-- Input data follows --

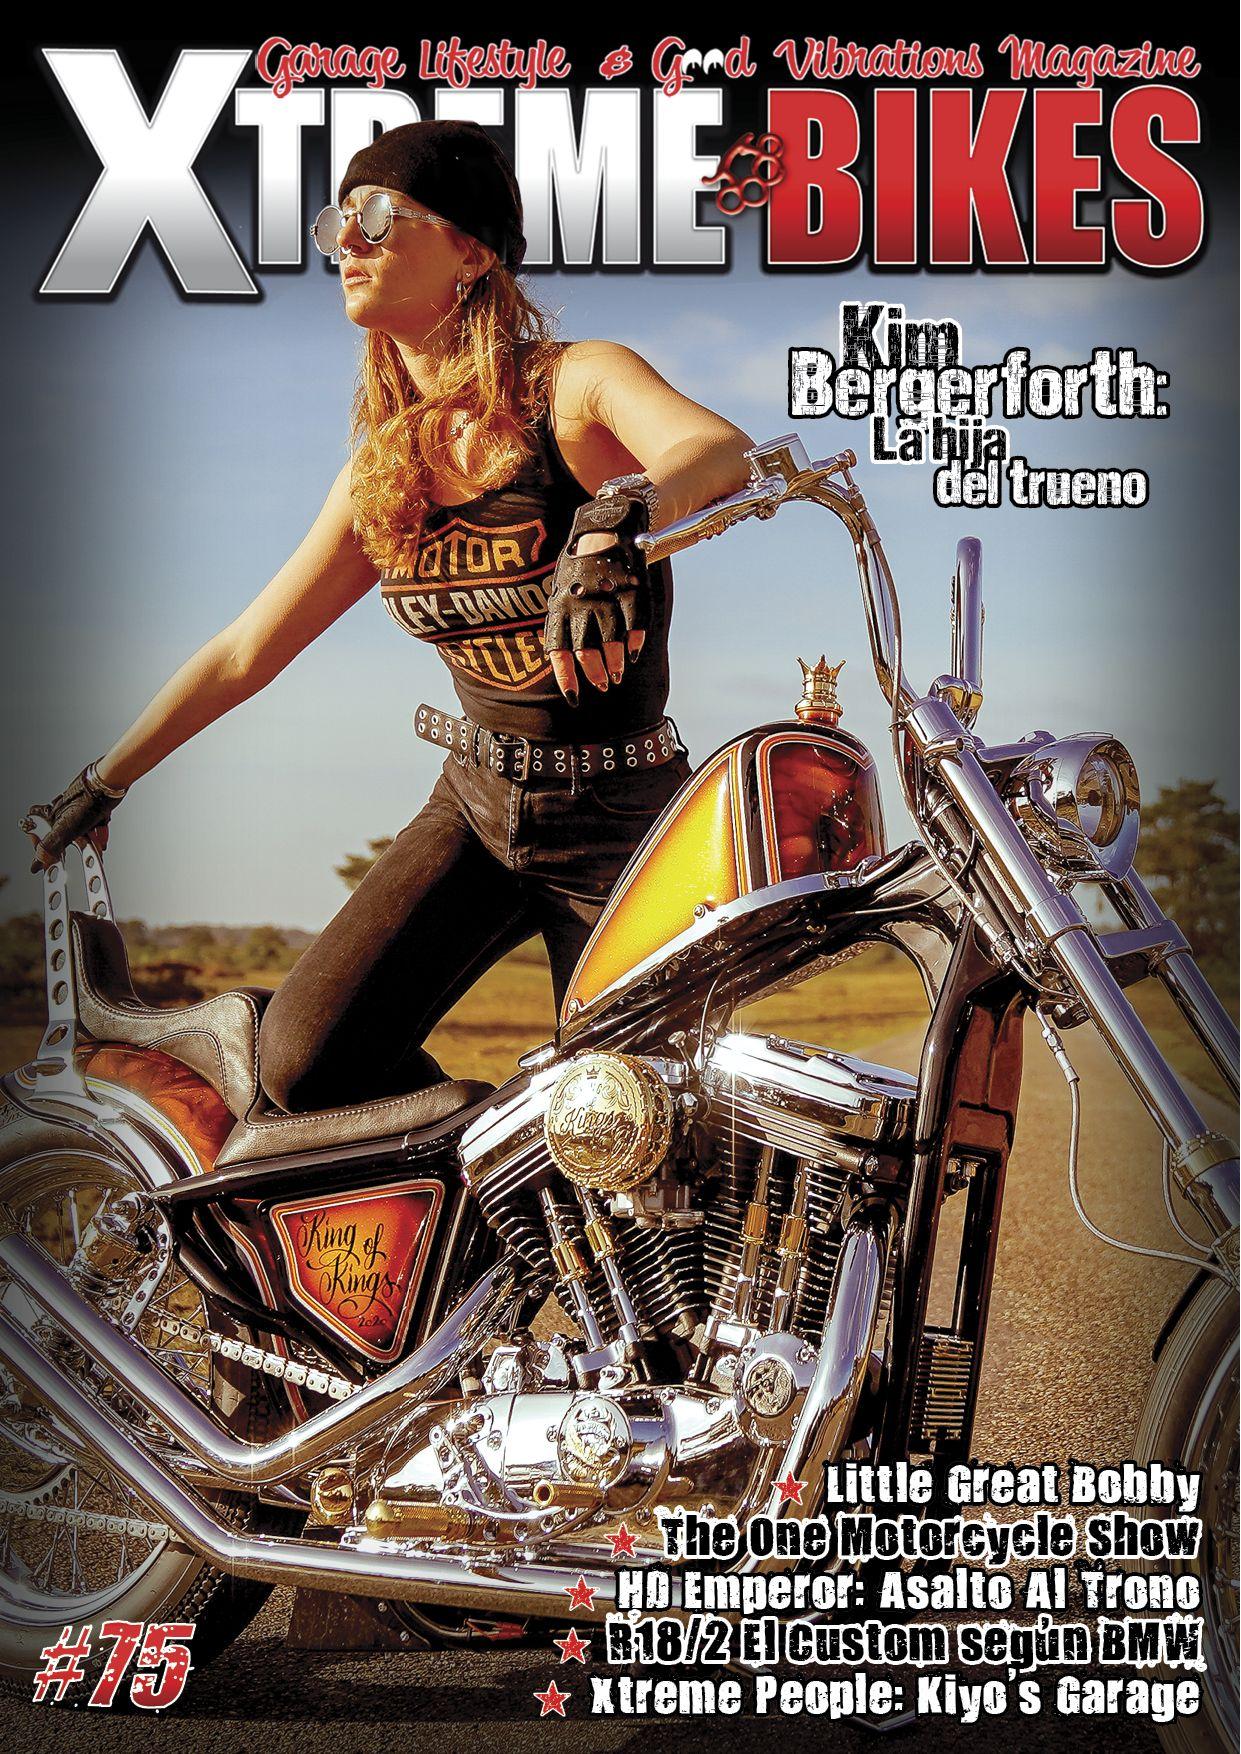 Xtreme Bikes #75
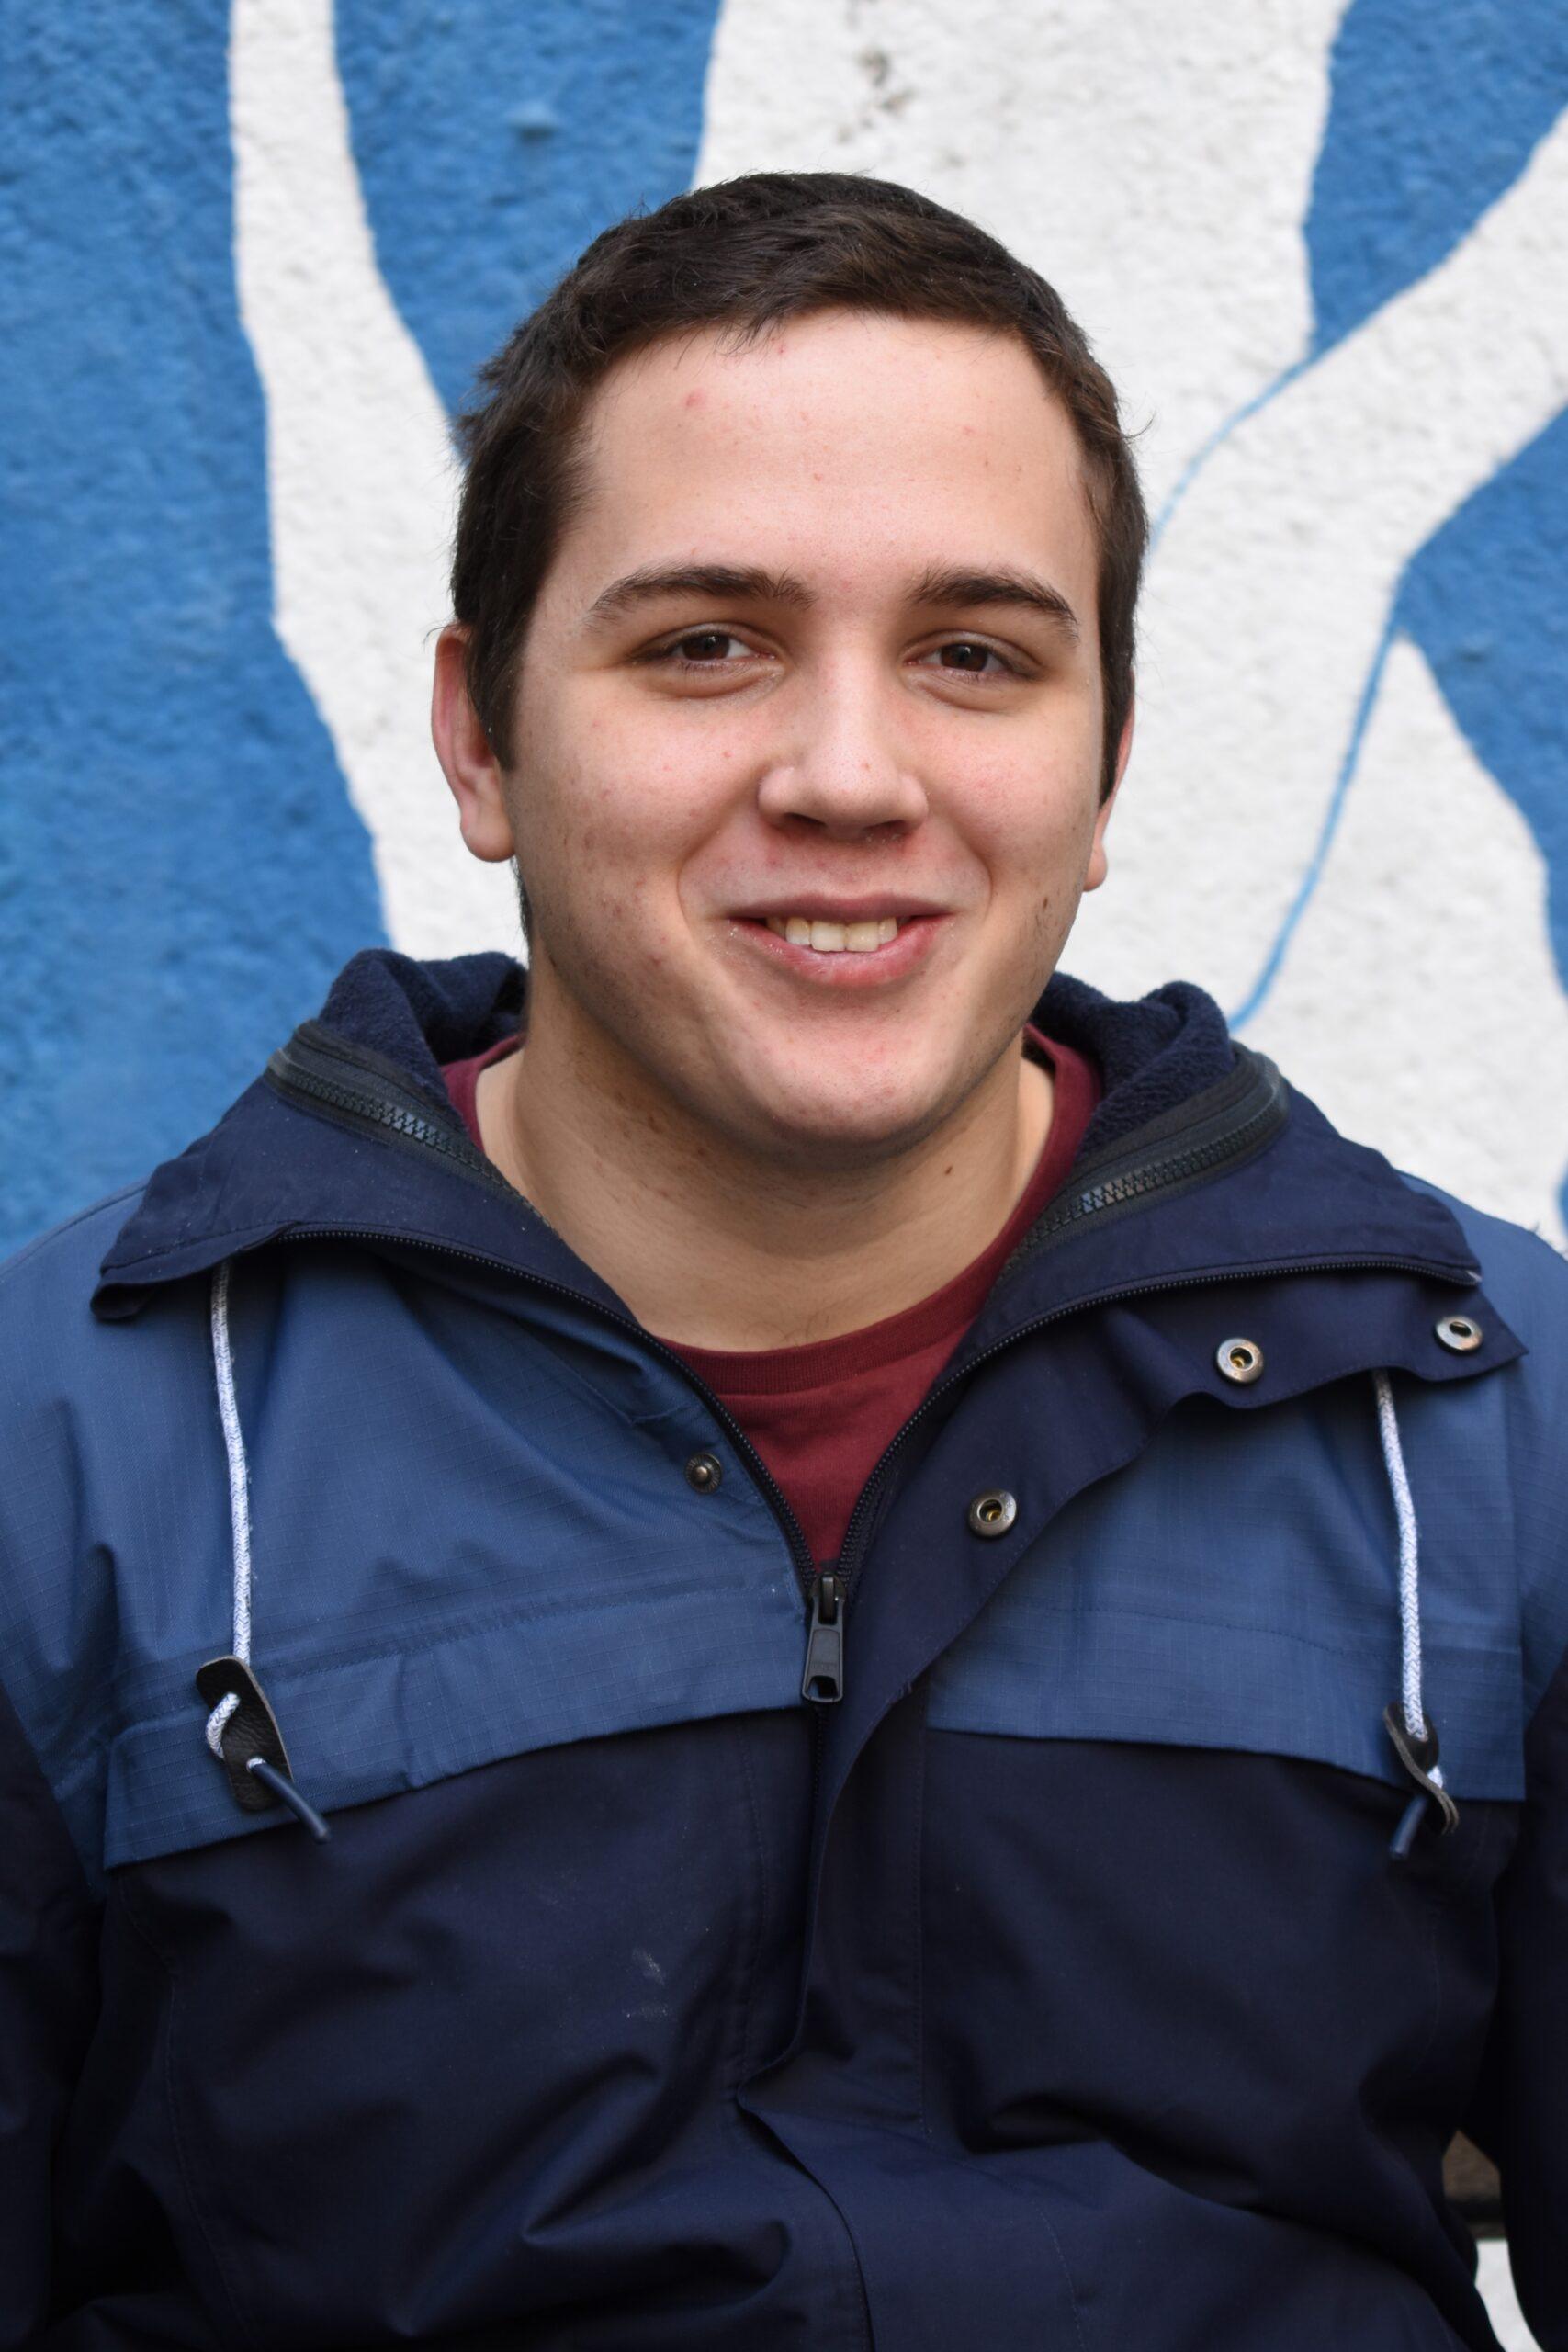 FILIP (21) Veliki ljubitelj kuhanja, šetnji u prirodi i kompjuterskih igrica. Voli pomagati drugim ljudima kad god je potrebno.
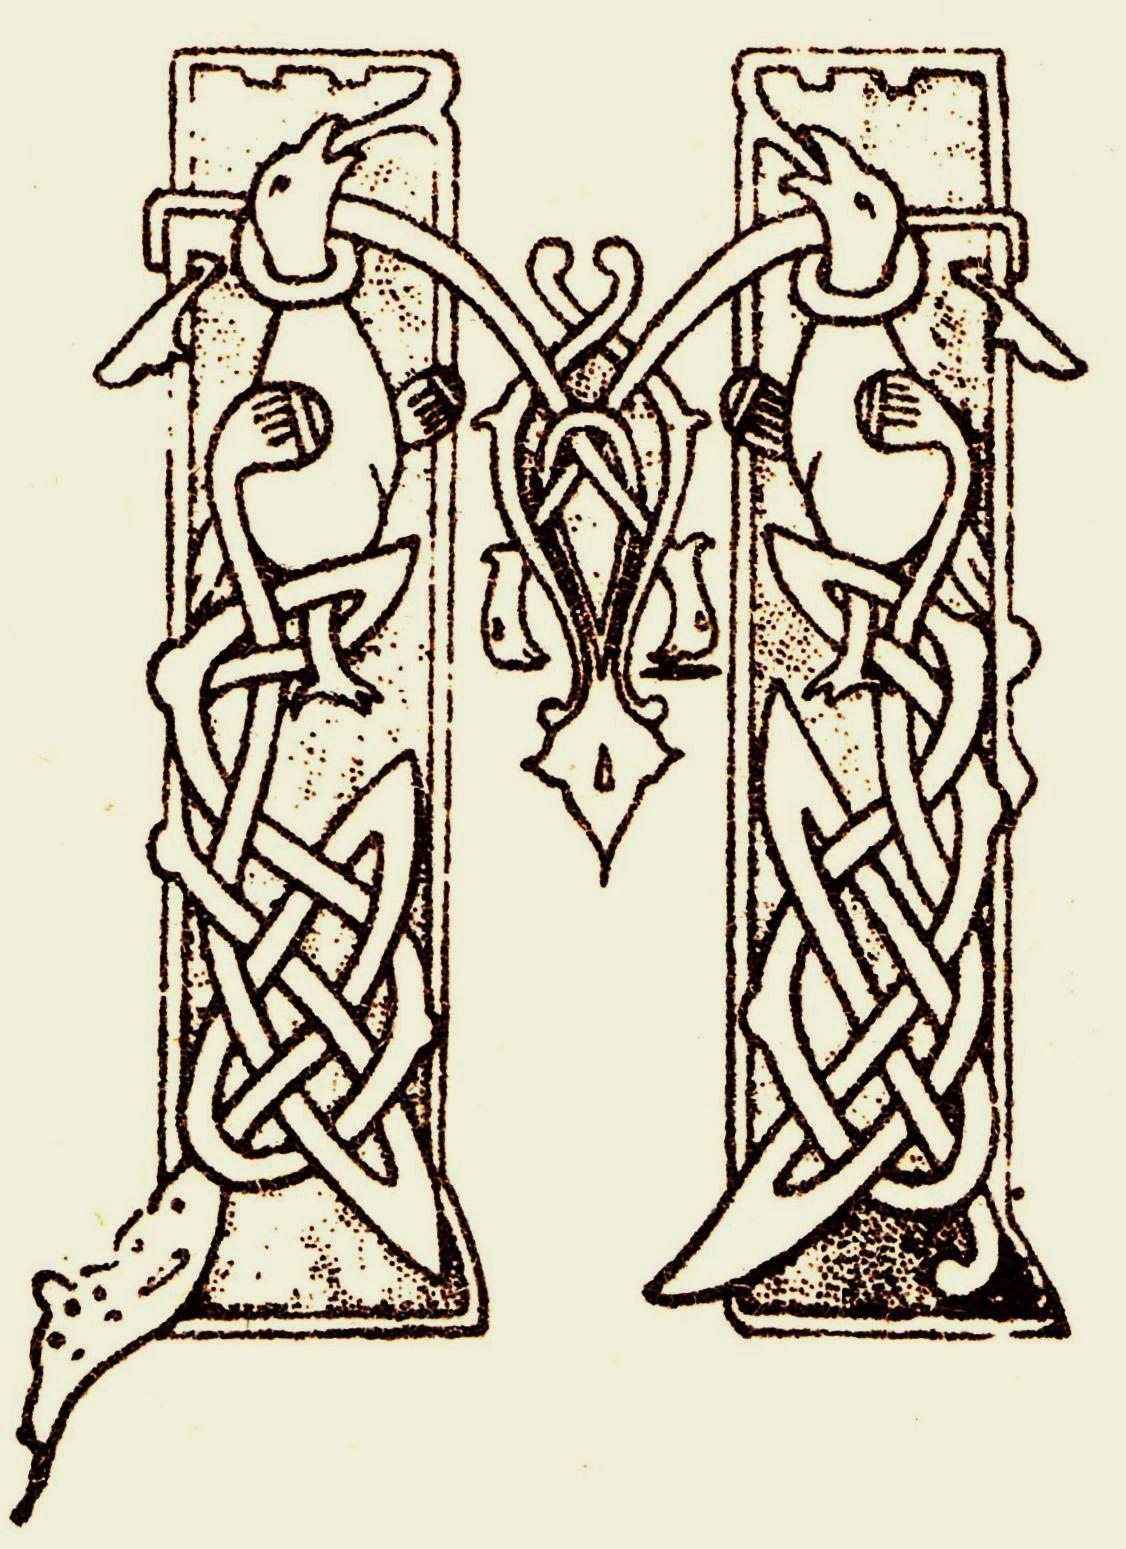 поклейка старославянский алфавит картинки для раскрашивания себе готовые строящиеся
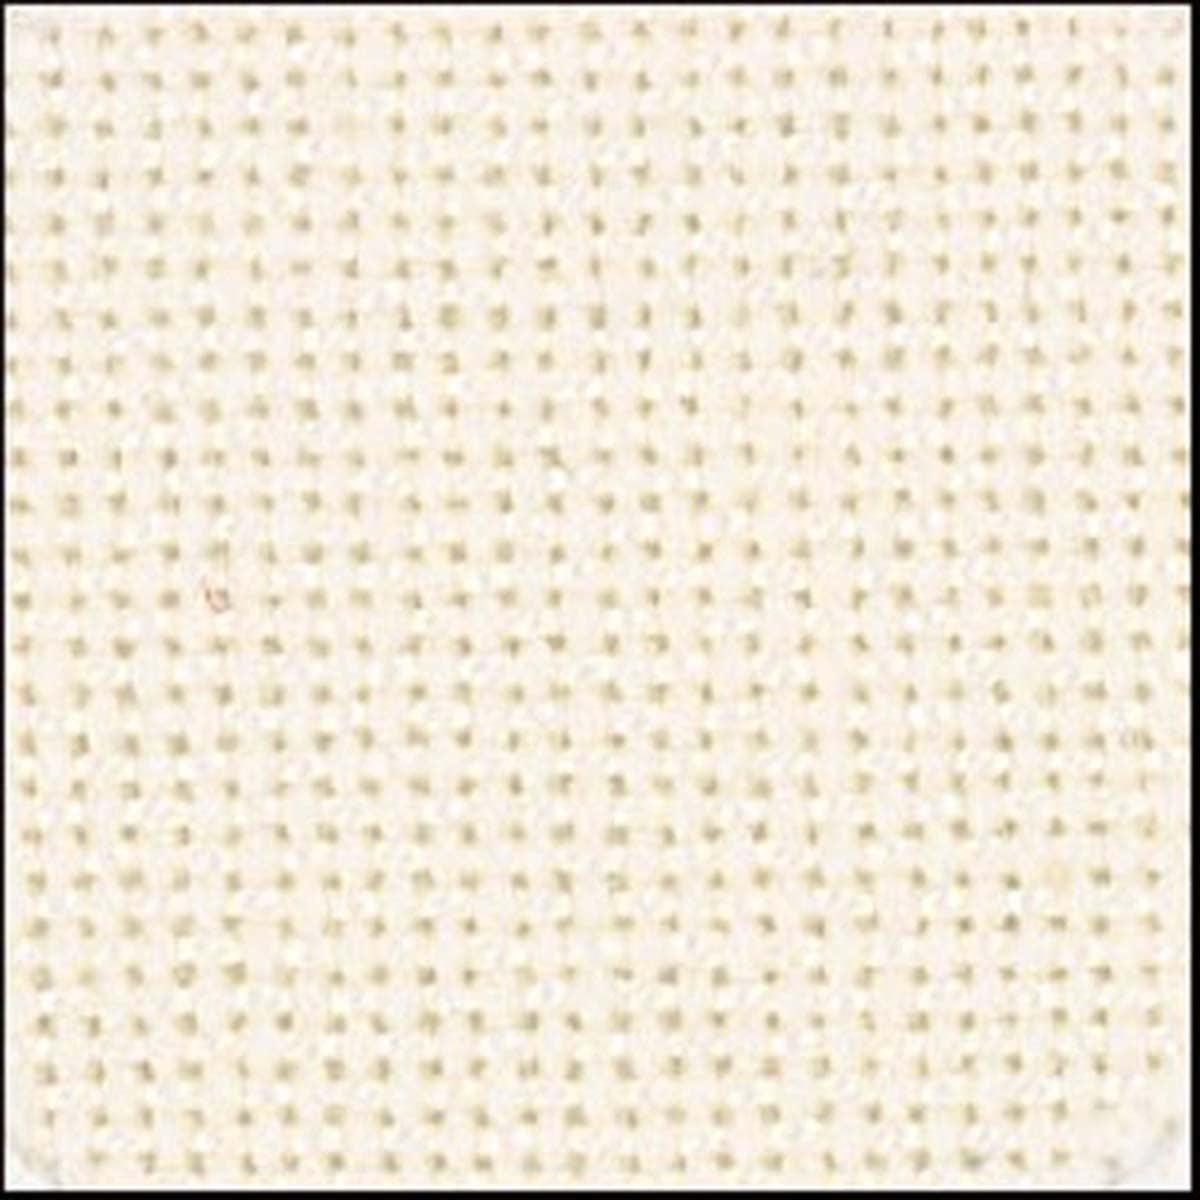 Wichelt Imports, Inc. 28-Ct. Jobelan Needlework Fabric

-- Input data concluded --

■ **Work request**
Quote the data exactly, leaving every image out of the copy.

■ **Response**
 Xtreme Bikes #75
 FILIP (21) Veliki ljubitelj kuhanja, šetnji u prirodi i kompjuterskih igrica. Voli pomagati drugim ljudima kad god je potrebno.
 поклейка старославянский алфавит картинки для раскрашивания себе готовые строящиеся
 Wichelt Imports, Inc. 28-Ct. Jobelan Needlework Fabric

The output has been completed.